I hope you don't mind me re-running this classic from two years ago; I've been a bit busy with next week's vacation plans and what not. Anyway, here's today's story, straight from Mohammamd Abdulfatah ...
We were outside the main gate, waiting for security to come down and escort us to the deepest sanctums of the complex. We had been waiting for nearly two hours. At last, two guards came for us, their pace a slouch more than a march.
We waited for an elevator that never came, then we climbed down the stairs to the computers’ layer. A few minutes later, we were standing in front of a huge steel gate. One of the guards slid a magnetized card through a slot, an LCD screen above it flickered in excitement, and the gate yawned, as if in agitation, opening its mighty jaws.
I was about to come face to face with the Frankenstein that I had created. My beloved child has turned against me, and by no one's fault but my own. For I brought it into life, and I passed my imperfections onto it.
You see, this is how my Frankenstein came to be ...
Three months before that memorable day, the company I worked for managed to secure a contract with a certain government agency which shall remain unnamed. The project was simple enough, or so thought the sales person. The client had several data readers, each one collecting information from yet another unnamed data source. Each data reader resided on a dedicated computer, and each one was connected to its source by different, proprietary means. Some were connected through satellite, others through telex transceivers, and so on. Of course, each data reader came with its own software that was able to decode the data and display it in a readable format to the operators. The operators spent most of the day copying and pasting the data into text files and sending them to the analysts upstairs, who would compile the confidential information in these files into yet more confidential reports.
Our task was simple: automatically read all the incoming data, store it into a single database so the analysts can work on the data directly without being under the mercy of the operators. Simple my foot.
I was assigned to that project as project manager, team leader, senior developer, and database administrator. Another brave soul also joined me as a developer. The company couldn't afford to assign more resources because the profit margin -- which was calculated by a sales rep without consultation with the techies -- didn't allow for it.
I'll spare you the agony that followed. Fast forward three months into the future, where the project was completed, tested, and delivered to the client. I advised my superiors that it should be deployed as a beta, since it required more real-world testing, but the profit margin didn't allow for that either.
One day, I received a call from the sales rep telling me that he just received a call from our client. The program has stopped working, the client was pissed as hell, and threats were made, the least of which was not paying us our fees.
A couple of direct phone call to the client and I still couldn't get a clear picture of what happened over there. So, I decided to pay them a visit. Since my security clearance was still valid, I decided to go the next day.
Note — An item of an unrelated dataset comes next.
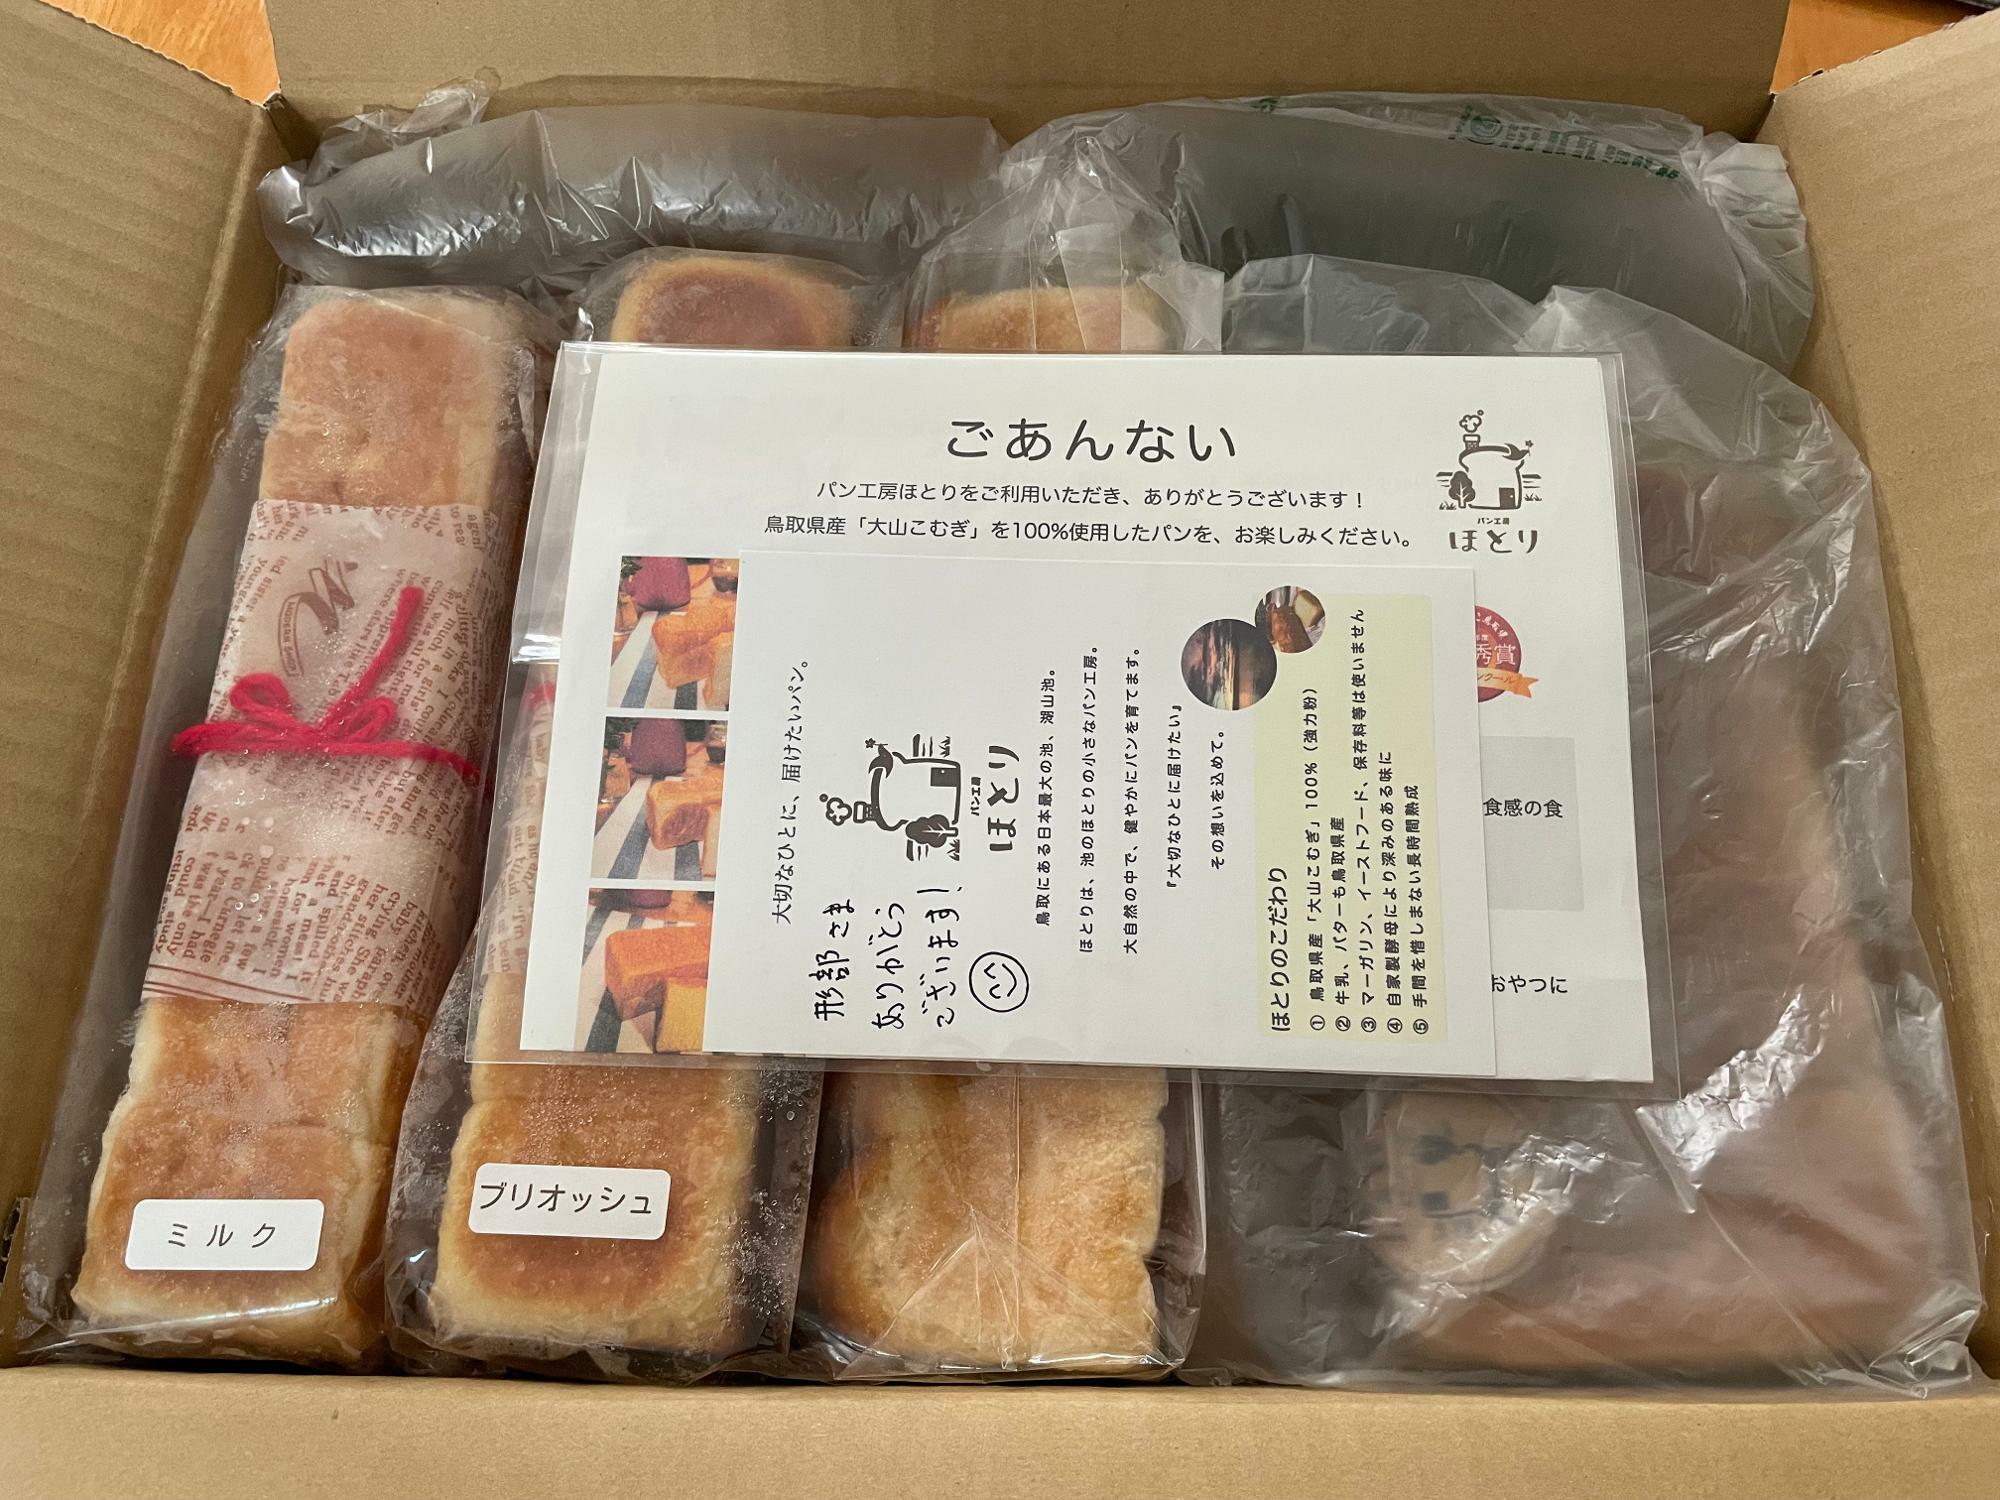 【送料込み】7種類の食パンセット【冷凍パン】

Which brings us to the present day, where I'm standing at the jaws of the labyrinth, about to face my Frankenstein. I entered the room, my heart pacing faster as I dragged my feet to where my creation dwelled, to PC No. 27.
I know I should have been more careful with data reader number three, I thought, I should have used some form of file locking. Or, maybe it’s number five, that one is a little pesky as well. Whatever it is, I surly hope the log file can give me some clue. Unless the log is full, and ...
I stopped dead in my tracks, Wait a minute!
One look at the machine and the problem was obvious.
"Didn't we agree that this machine was off-limits?" I asked the security guard and the resident would-be geek, who looked at each other in puzzlement.
"It is. We even distributed a memo about it," answered the geek.
I replied, "I see. Could you please write down the following annex and attach it to the memo?"
The would-be geek took out his Mobile/PDA/Microwave Oven and armed the stylus. "Go ahead," he said.
"The Power cord is off-limits as well," I instructed.
"Err ..." grunted the geek.
I was about to walk out, when geek interjected "Aren’t you going to fix it?"
I stood there in silence.
One Mississippi, two Mississippi, three Mississippi ...
Deeeeep breath ...
Relax ...
Okay, let’s see if I can finish this without getting my ass shipped to Guantanamo Bay.
"You can do it yourself," I suggested, rather forcibly.
"I’m not authorized," he innocently explained.
"I see ... and where are the technicians whom we trained, and who are authorized to do it?"
"They are on vacation."
"All three of them?"
"Yes?"
"Why?"
"Err ... I'm afraid that's classified." said the geek. The security guard turned at me and glared, turning into the most sinister and hellish version of himself, probably as nervous reflex at the mention of the words "classified" and "afraid" in the same sentence.
There was no escaping it. I plugged the power cord in, turned the machine on, waited until the OS booted, and saw the program kick into life automatically. It started aggregating data right away, and everything was okay, at least until the next idiot trips over the power cord.
By the way, a quick look at the logs revealed that the machine had been unplugged for almost three weeks.
I left the dungeon, and never went back. It has been two years now, and we still haven't heard from the Unnamed Government Agency. I would like to think that the quality and craftsmanship of my programming was the reason, but for all I know someone might have just tripped over the power cord again, but this time no one bothered to notice.